Larry Zuckerman. The Rape of Belgium: The Untold Story of World War I. New York: New York University Press, 2004. xi + 337 pp. $29.95 (cloth), ISBN 978-0-8147-9704-4.
Reviewed by Brian Crim (University of Maryland University College)
Published on H-German (January, 2005)
Belgian Victims, German Perpetrators
What most casual readers of modern history remember about Belgium and the First World War is the litany of exaggerated claims of war crimes perpetrated by the German military. The British press related fantastic stories of soldiers impaling babies on spiked helmets, nailing kittens to church doors, and perhaps the most infamous charge, raping legions of Belgian girls. The "rape of Belgium" was a powerful metaphor employed by allied propaganda to raise money, boost recruitment, and win the war of world public opinion. Larry Zuckerman, a professional writer and novelist with a broad array of interests, recognizes that the Germans were accused of bizarre crimes. His goal is to recount Germany's true war crimes in Belgium and, in his words, "show why the crimes matter, what legacy they left, and why they offer a new way to look at the First World War" (p. 1). Zuckerman falls short of this ambitious goal, but he does an adequate job of describing multiple issues surrounding Belgium's role in the First World War, including its dire situation on the eve of war, British and American actions and inaction regarding Belgium, and the Belgians' reactions to their occupiers.

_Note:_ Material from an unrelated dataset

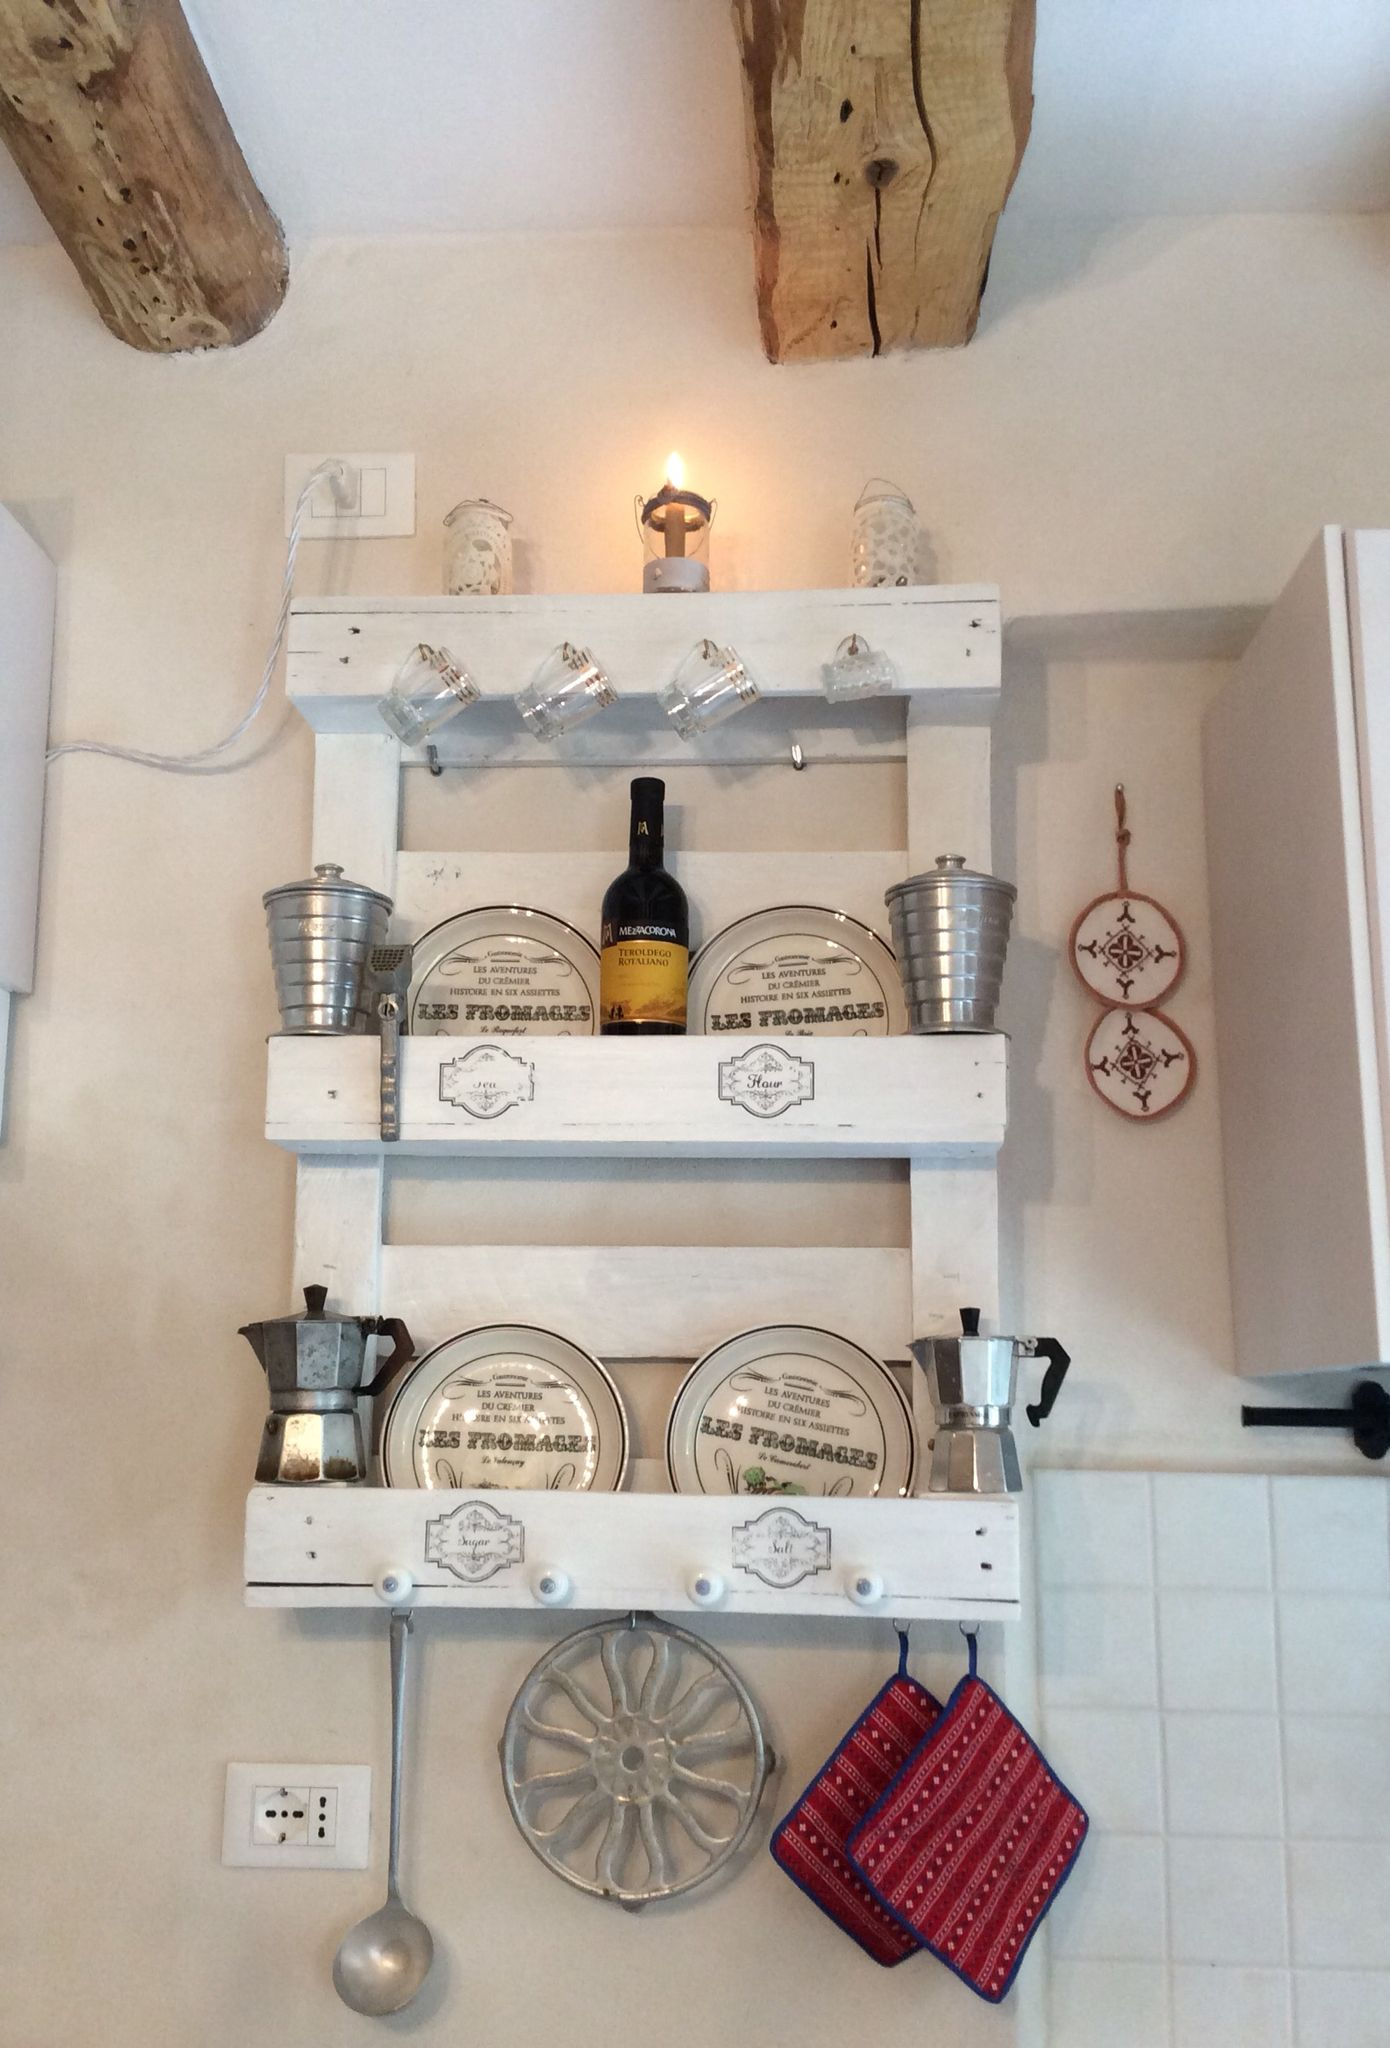 Cucina Pallet Fai Da Te pallet per arredare la cucina! ecco 15 idee creative per

The fundamental and most consistent weakness in the book is the absence of German archival sources. Zuckerman relies on German newspapers and some published reports from various parts of the German government, both of which are woefully inadequate for relaying the German perspective. This is unfortunate since the military archives in Freiburg contain a wealth of information concerning the German military occupation from key decision makers down to individual units. Zuckerman would have found ample evidence to support many of his arguments, specifically the deliberate manner in which occupation authorities exploited Belgian resources and labor.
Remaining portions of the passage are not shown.